Hi i'm trying to get a honest opinion from members who know type ,conformation and what not.oso is from a line of gsds from i believe german and russian breeders,acero is from a breeder in new york with lines from scotland ect i plan to show and am quite new to showing.anyways curious to know what other breeders think.cheers


----------



## VaBeachFamily (Apr 12, 2005)

Cute dogs..

Is the darker one a GSD or a Mal?


----------



## LaRen616 (Mar 4, 2010)

VaBeachFamily said:


> Cute dogs..
> 
> Is the darker one a GSD or a Mal?


The darker one does look like a Mal.


----------



## KZoppa (Aug 14, 2010)

i think the darker one is a sable GSD. They're both very nice dogs. I like the stack on the puppy. I'm by no means an expert but i think it would be beneficial for the dog/pup to be looking straight instead of the head tilted away from center. Both are great looking dogs though.


----------



## Jessiewessie99 (Mar 6, 2009)

Both cute dogs, the one light colored one looks really soft.


----------



## Rerun (Feb 27, 2006)

LaRen616 said:


> The darker one does look like a Mal.


Pretty sure it's a shepherd...mal coloring but that's it. Structure looks shepherd.


----------



## chicagojosh (Jun 22, 2010)

you're daughters an excellent handler i see


----------



## VaBeachFamily (Apr 12, 2005)

I thought the same thing, but it's not a color I have seen on a GSD... interesting marks/coloration, looked like a mix to me...


----------



## LaRen616 (Mar 4, 2010)

VaBeachFamily said:


> I thought the same thing, but it's not a color I have seen on a GSD... interesting marks/coloration, looked like a mix to me...


I agree, I've never seen a GSD with a color like that


----------



## GSDElsa (Jul 22, 2009)

Sable puppies change a lot from puppies until they mature. He could just be going through a funky color phase right now.


----------



## tierra nuestra (Sep 8, 2010)

Hi yes the red/mahogany sable girl came from new york though her sire is from scotland.shes pure as well.shes bred by mary cummings from stonemeadow kennels.very nice woman.oso the the big male is a sweet heart too.thanks for posting!


----------



## tierra nuestra (Sep 8, 2010)

Shes purebred gsd.


----------



## tierra nuestra (Sep 8, 2010)

Yes she is a unique mahogany red sable but already her guard hairs have darkened so she appears to have a cape now


----------



## tierra nuestra (Sep 8, 2010)

Thanks she'll be over the top to hear that!shes very new to this as well and is desperate to make a good show.


----------



## MaggieRoseLee (Aug 17, 2001)

I'm thinking your sable girl has more the 'look' of a show dog.
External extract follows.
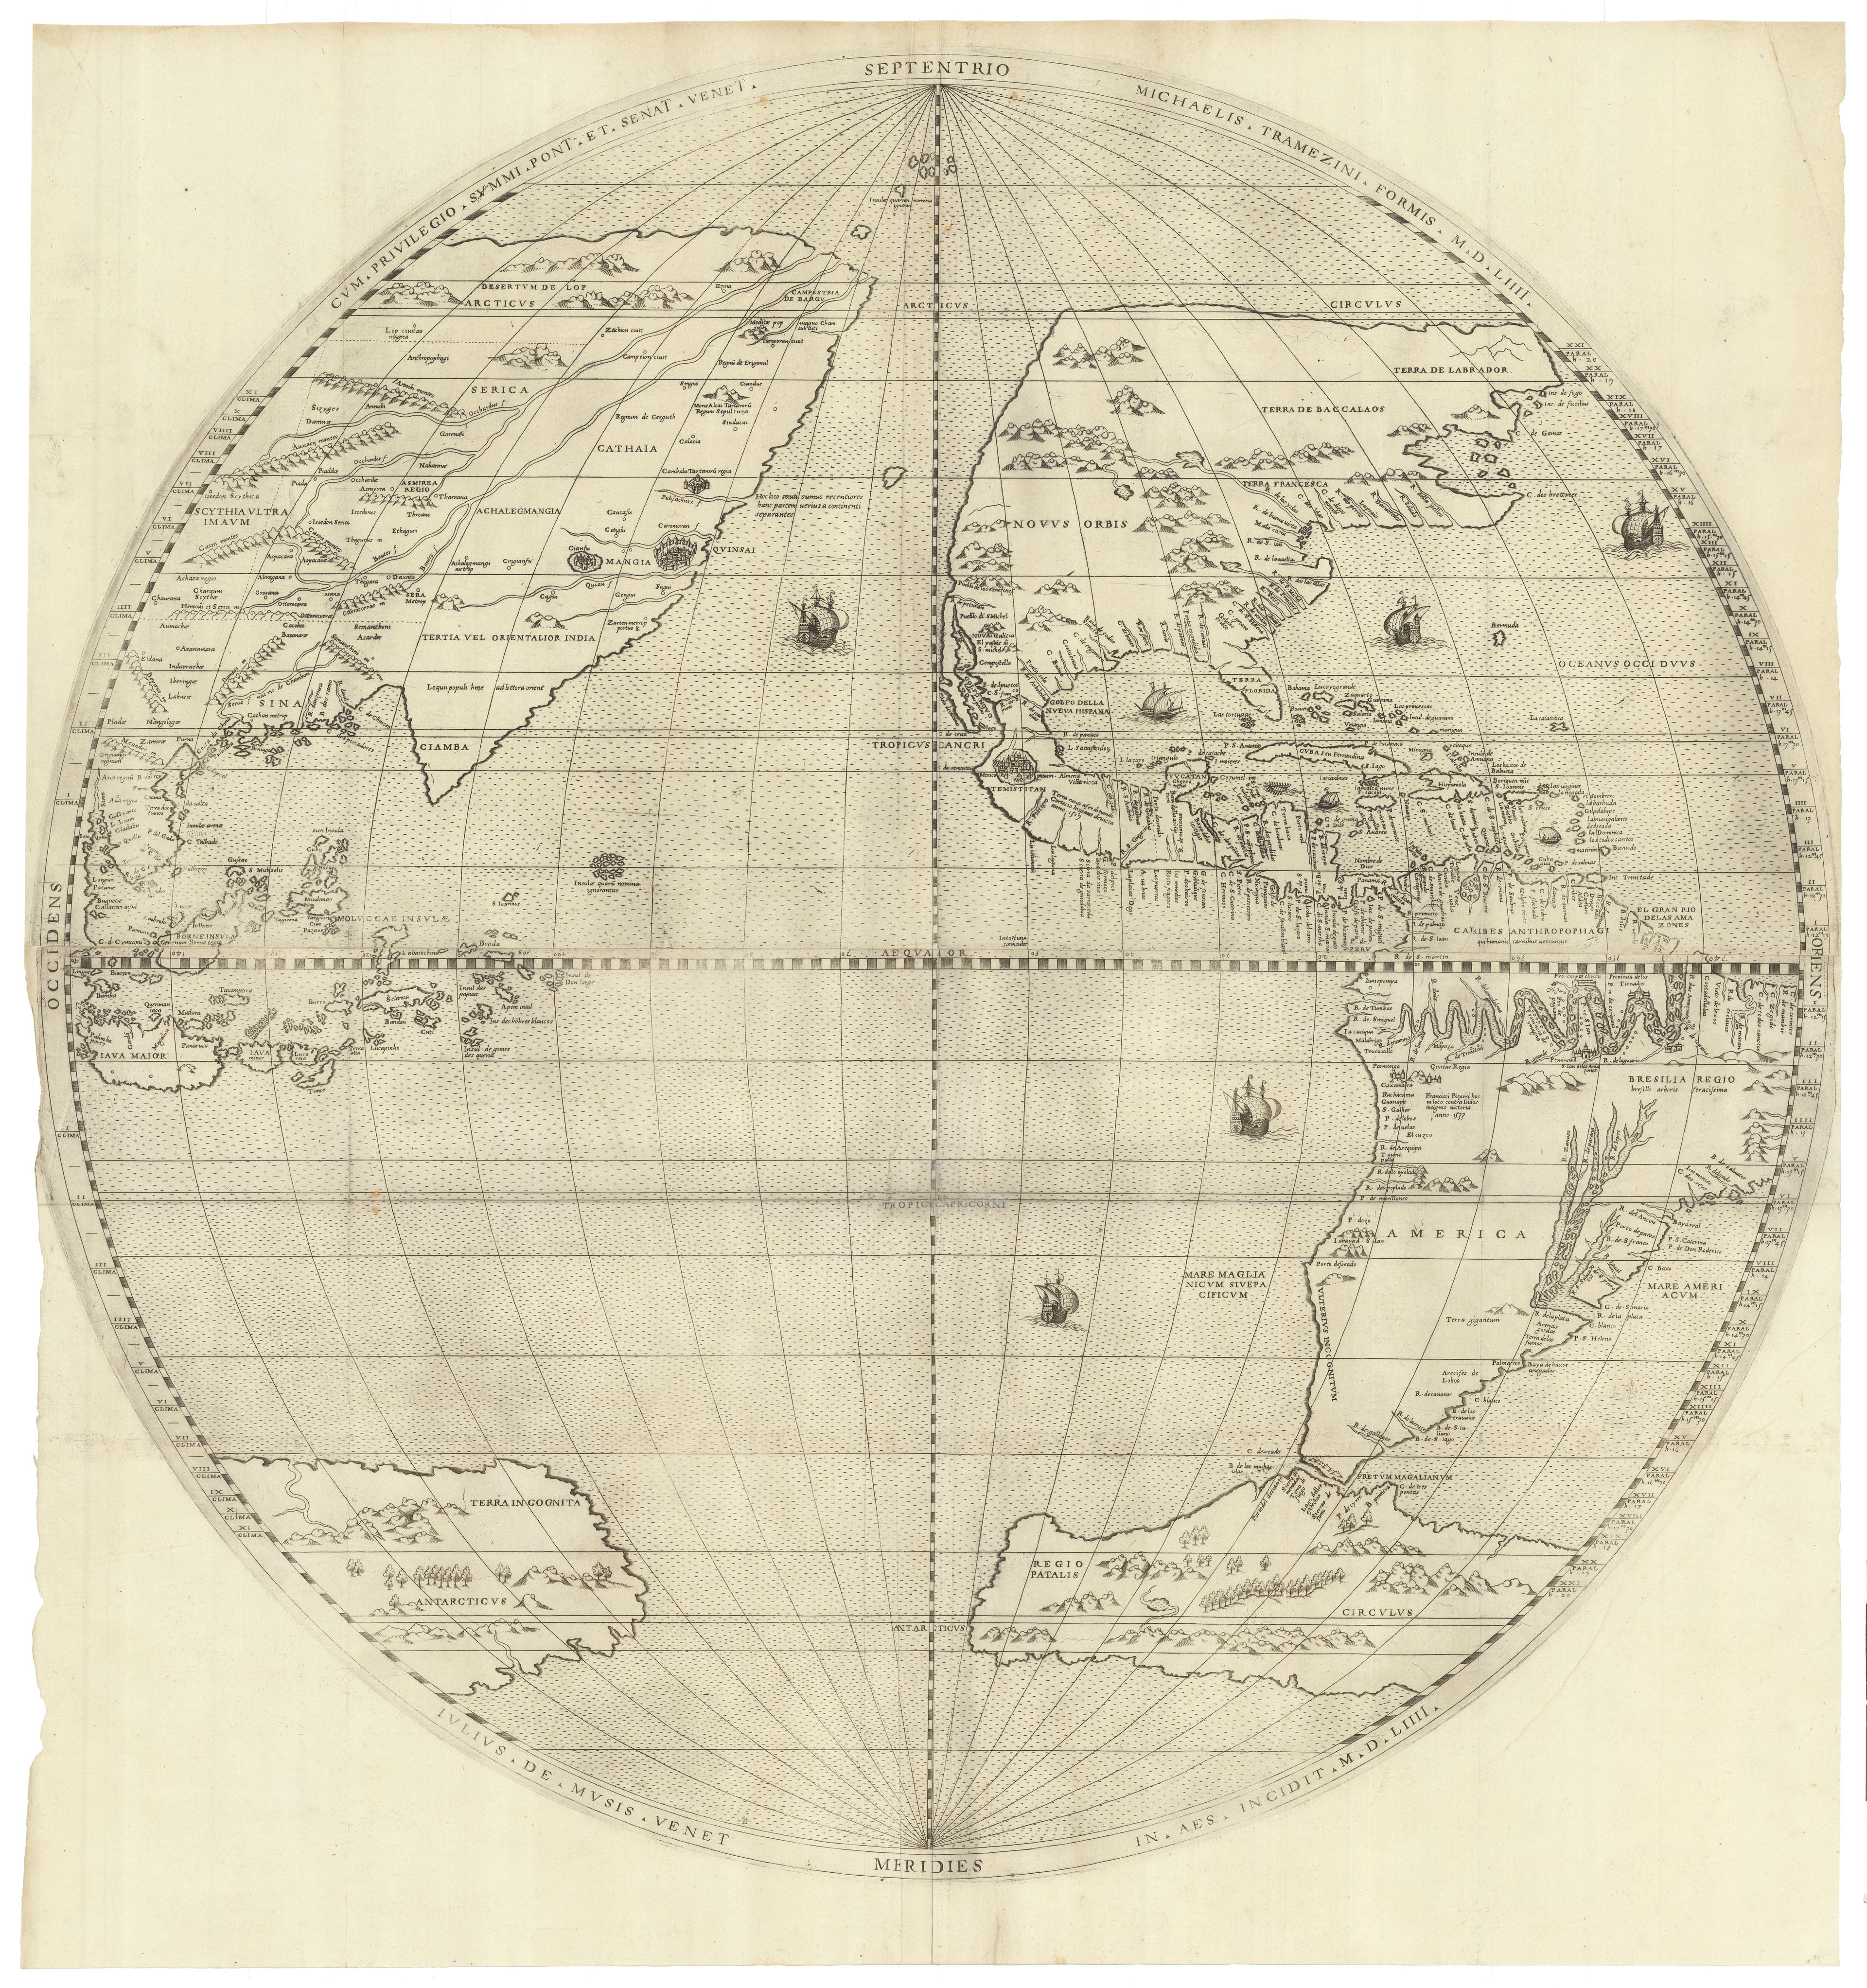 This example of a broadside shows the large Western Hemisphere map by Tramezzino. The map in finely engraved on copper plates and printed in black and white. The engraving is very fine and shows the Western hemisphere of the earth with sea monsters and ships in the ocean. The area surrounding the map is left empty.

But depends on what venue you are showing and how she grows up !


----------



## Jessiewessie99 (Mar 6, 2009)

I was thinking she was a Red Sable, either way she will be beautiful when she gets older! I can't wait to see her as she grows!


----------



## Deuce (Oct 14, 2010)

She's pretty!


----------



## Jax08 (Feb 13, 2009)

Didn't Mary import a dog from England not to long ago? I met her once. Very nice lady and she was telling me how long she looked. She finally found a kennel in England that had just what she was looking for.


----------



## MaggieRoseLee (Aug 17, 2001)




----------



## JKlatsky (Apr 21, 2007)

LaRen616 said:


> I agree, I've never seen a GSD with a color like that


It's just a red sable puppy!! Beautiful!

Tag was red like that as a puppy...And then his big boy hair came in!


----------



## Jessiewessie99 (Mar 6, 2009)

JKlatsky said:


> It's just a red sable puppy!! Beautiful!
> 
> Tag was red like that as a puppy...And then his big boy hair came in!


Beautiful!!:wub:


----------



## tierra nuestra (Sep 8, 2010)

You are dead on.thats aceros sire.chalksville olympic flame.i lucked out by getting one of his puppies.and yes mary is the nicest person you could meet.she's been great with me.


----------



## tierra nuestra (Sep 8, 2010)

Awsome to see the colour in your pup!you have no idea how many people say she's beautiful,what is she?i reply gsd and they say really are you sure?is she mixed?
Sigh............


----------